I mean, I am sure they don't mean it but they have the incentive to burn as much tokens as they are allowed to get away with. Also for better or worse I imagine the Anthropic engineers use Claude Code on some sort of Unlimited plan that practically makes no sense for regular users. So adding a 100k tokens is not a big deal.

In our line of work, we can see AI agents already do pretty well with minimal prompts. Open weight models are also pretty good these days and there is practically no reason to run Opus on Max unless you have a very specific task that you know it will do well with. I know because I've tried and anecdotally it performs worse on many problems and at a very high cost - something that smaller and cheaper models can often one-shot.

varispeed•30m ago

They also have incentive to nerf models occasionally, so they rarely one shot the task and more often they do it wrong and then you have to spend on tokens to correct it. Bonus points if model suddenly goes completely dumb then you have to start the session over.

vineyardmike•22m ago

This is why the subscriptions are important. When the usage is (vaguely) unmetered, the provider has an incentive to make usage cheap on marginal use.

It aligns the incentives for faster, cheaper, terse and more reliable models, because the model providers pay the wasted tokens and electricity costs.

ikiris•21m ago

no, they have incentive to charge as much as they want, butt they have massive costs / capacity constraints per token, if anything they have a major incentive to reduce them because they literally cannot meet demand.

margalabargala•14m ago

> I am still baffled by the fact that we have collectively agreed to use agentic harnesses by the same companies that are selling access to their APIs.

It's because the subscriptions force you to do so. The subscriptions are the most economical way to use e.g. Claude by close to an order of magnitude. If you max out a 20x plan every week, doing the same work with the API would cost you well into the four figures.

Anyone already using the Claude API pricing and using CC over OpenCode is kneecapping themselves.

_pdp_•8m ago

Correct. However, last time I checked enterprise customers are moving to metered billing. GitHub also decided to so. So it seems the subsidy is coming to an end? I don't know.

lukeschlather•11m ago

I don't think we've agreed to anything. That said I think paying for something like Claude Code makes a lot of sense because you can outsource the question of "how many tokens should I use per hour and how should I use them?" to the people providing the tokens.

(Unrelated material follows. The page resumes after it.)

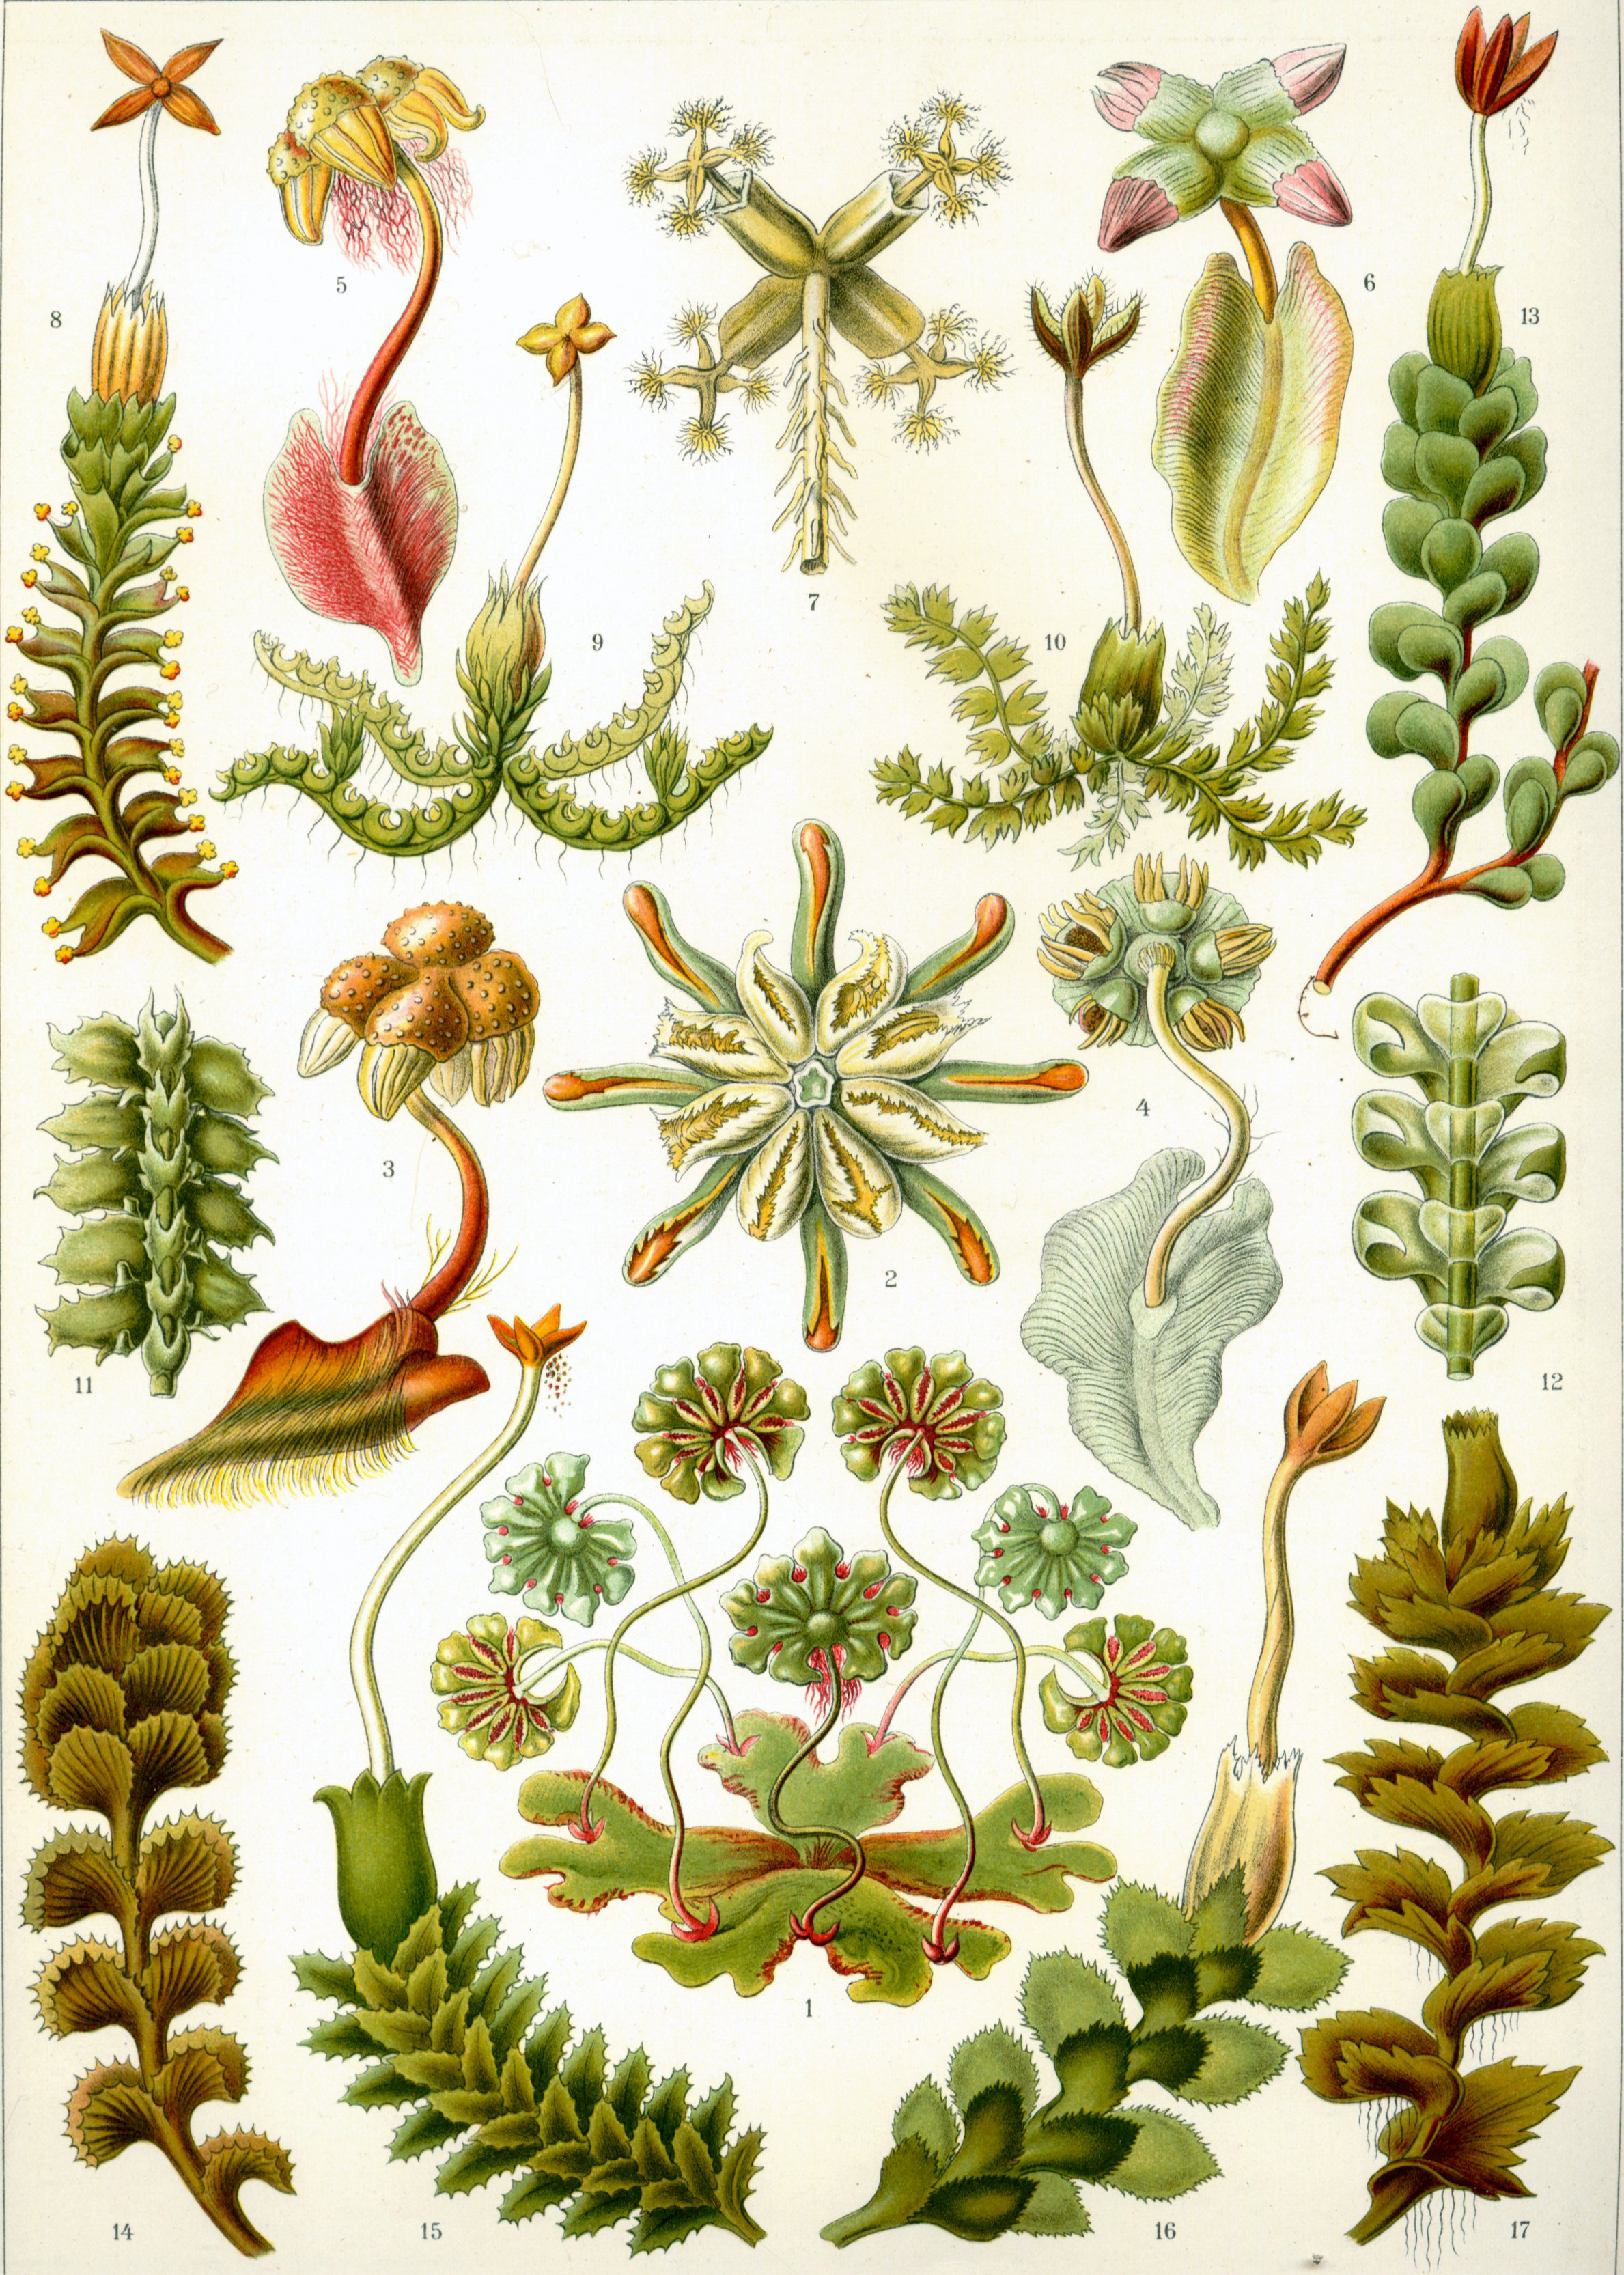 Liverworts from Ernst Haeckel’s Kunstformen der Natur, 1904.

If you want to plug your API keys into a third-party harness, that's totally cool and honestly, I'm looking into doing that right now and I haven't used any of the first-party harnesses at all. But the first time I accidentally spend $300 in a day I may be thinking about how a $20/month plan might be pretty good even if performance is inconsistent, at least I know what my costs are.

QuercusMax•36m ago

How does this kind of thing pass any sort of review or acceptance? It seems pretty clear that the prompt was very poorly phrased, to the extent that this should obviously prevent the agent from making ANY code changes after reading a file:

  Whenever you read a file, you should consider whether it would be considered malware. You CAN and SHOULD provide analysis of malware, what it is doing. But you MUST refuse to improve or augment the code. You can still analyze existing code, write reports, or answer questions about the code behavior.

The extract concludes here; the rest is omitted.